そして、それを成し遂げた少女が、俺の目の前に立つ。
力なく前に立つクリファを俺は優しく抱きしめる。
「……頑張ったな、クリファ」
「…………頑張った、のじゃ」
ぎゅっと俺の服を掴んで、クリファは俺の胸元に顔を埋める。
「怖かったのじゃ……、怖くて、怖くて……、妾は…………辛くて」
緊張の糸が切れたクリファは、十四歳の、それこそ等身大の少女として泣いていた。
怖いに決まってる。辛いに決まってる。色々あったのに、よく頑張ったよ。
「お疲れ様。本当によくやったよ」
「……ハヤト、ありが──」
「おっと、それは俺よりももっと先に言うべき人がいるんじゃねぇか?」
まだ出会ってすぐの俺よりも、感謝すべき人がいるじゃないか。
俺はそっと後ろへ視線を送る。
いるのは、娘に危険が及ばぬように地下で何年も耐え忍んだ一人の父親。
「……父上」
おぼつかない足取りで、クリファは血の繋がっていない父親の前へ行く。
「……すまなかった。ずっと、私はお前を騙していた」
「いいえ。もう、そんなことはよいのです、父上」
小さな体で、クリファはランドロランを抱きしめる。
「血が繋がりなど、本家の末裔かなど、そんなことはどうでもよいのです」
本当に、本当に俺からは、その時のクリファの笑顔は太陽のように優しく、輝いて見えた。
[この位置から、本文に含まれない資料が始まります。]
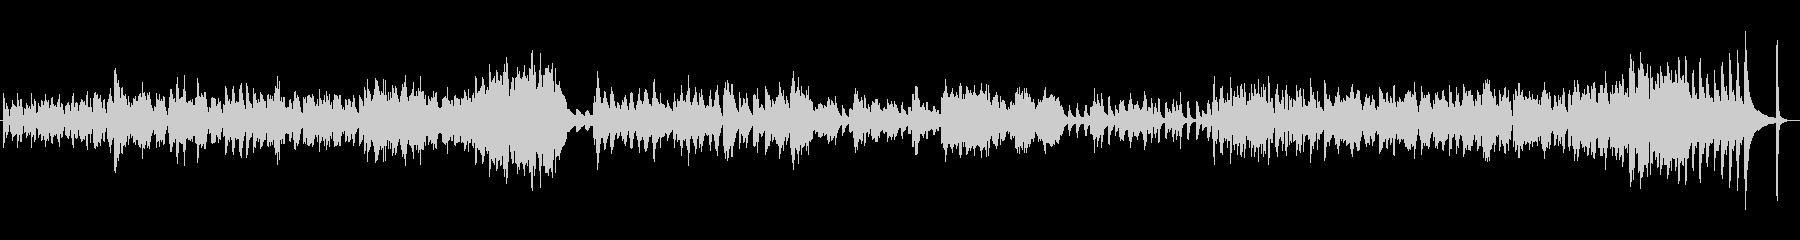 ドビュッシー小組曲2番「行列」の未再生の波形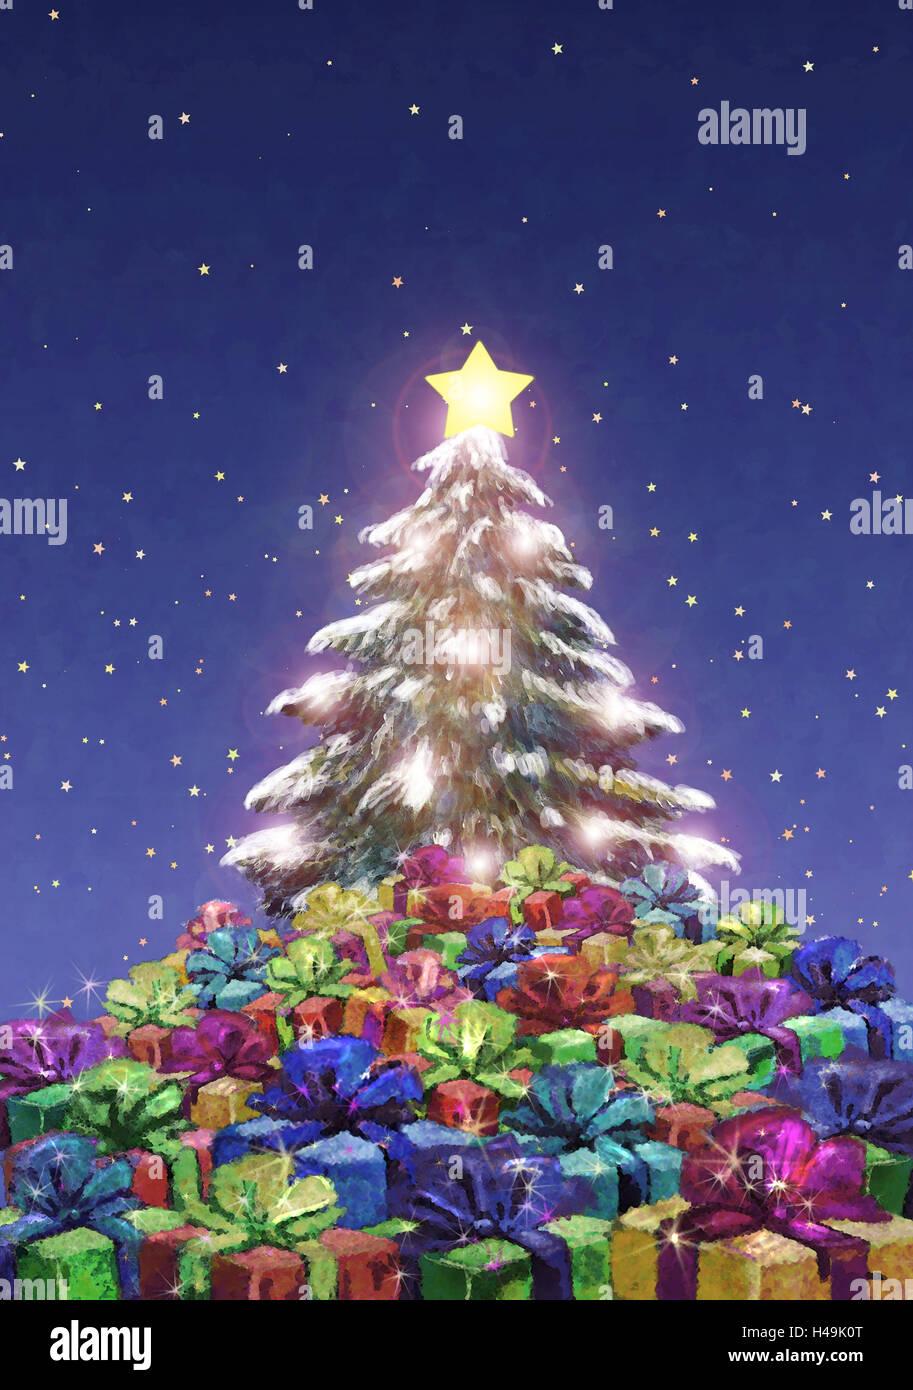 Winterliche Weihnachtsgrüße.Abbildung Weihnachtsbaum Geschenke Abend Abonnement Malen

「妾の名は、クリファ=エライン=スワレアラ。スワレアラ国第一王女にして、国王ランドロラン=エライン=スワレアラのたった一人の娘です。妾を守ってくれて、本当にありがとうございました……!」
「ああ…………、ああ……‼」
親子は静かに抱きしめあっていた。
よかった。守れた。俺に何かできたのかはわからないけど、きっと、少しだけでも力になれたはずだ。
「これで、一件落着でいいんだよな?」
「ああ。そうなるだろうね」
俺は大きく息を吐いた。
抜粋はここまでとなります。